From The Sofia Globe, the number of foreign visitors to Bulgaria for this past May was 87.3 percent lower than a year earlier.

From Radio Bulgaria, musicians perform on Wednesdays at Sofia's Borisova Gradina Park.

From Romania-Insider, a former Romanian politician is indicted for abuse of office.  (If you read Romanian, read the story at G4Media.)

From Russia Today, the Afghanistan "bounty" story by The New York Times is not about Russia but about domestic U.S. politics.

From Sputnik International, Russia's space agency Roscosmos reveals the cost of its heavy-lift rocket Angara.

From The Moscow Times, a look at Russia's environmental disasters in the Arctic.

From Daily News Hungary, Hungary could not stop the Trianon, even with military success.  (If you read Hungarian, read the story at 24HU.)

From Hungary Today, the Hungarian roots of the Liverpool soccer anthem You'll Never Walk Alone.

From About Hungary, the Hungarian government offers further support for couples who have children.

From The Slovak Spectator, a painting by Miroslav Matuščin at the Tricklandia gallery in Starý Smokovec, Slovakia changes before your eyes.

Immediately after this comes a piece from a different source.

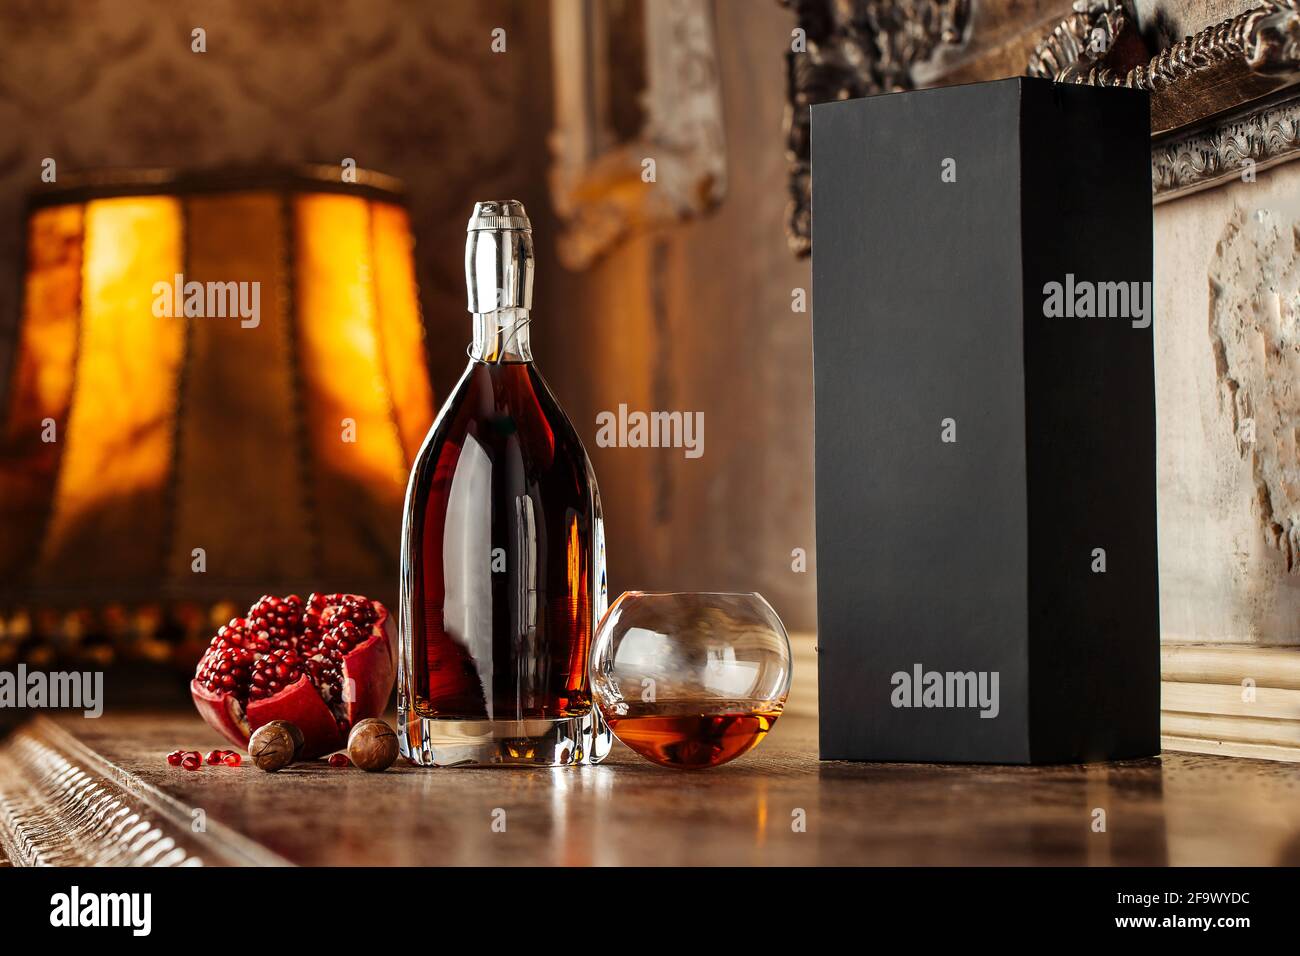 Elegant bottle of cognac with appetizers Stock Photo

From Radio Prague, the Czech Republic will open consular offices in Burgas, Bulgaria and the Croatian cities of Rijeka and Split for this summer.

From Polskie Radio, the Polish presidential election appears to be headed for a runoff.

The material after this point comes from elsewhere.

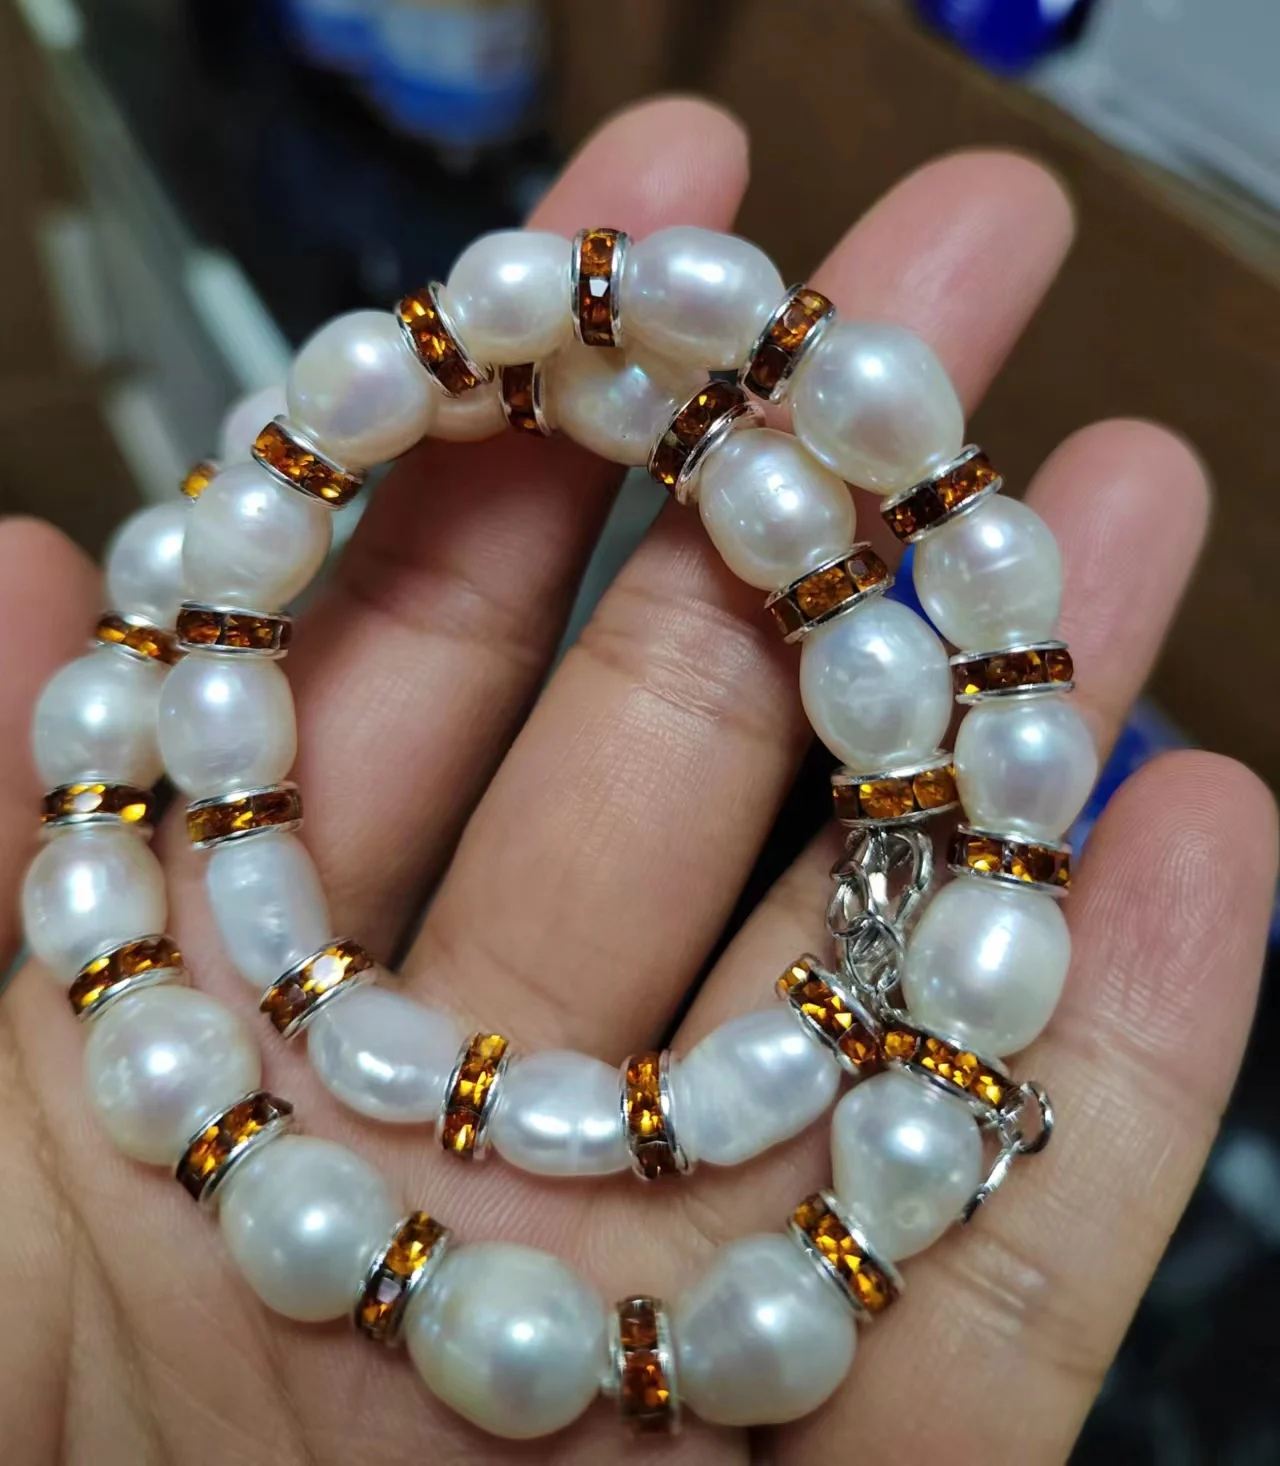 

New Arriver Pearl Jewelry 7-8mm Rice White Freshwater Cultured Pearl Necklace for Wome Gift Brown Rhinestone 33cm Necklace

From the CPH Post, Denmark's Crown Princess Mary is appointed president of her country's branch of the World Wildlife Fund.

From Deutsche Welle, according to an opinion column, religion is still relevant in Germany even as its churches lose members.

From the NL Times, a suspect in the death of a Rotterdam teenager claims to not remember events from the last day he was seen alive.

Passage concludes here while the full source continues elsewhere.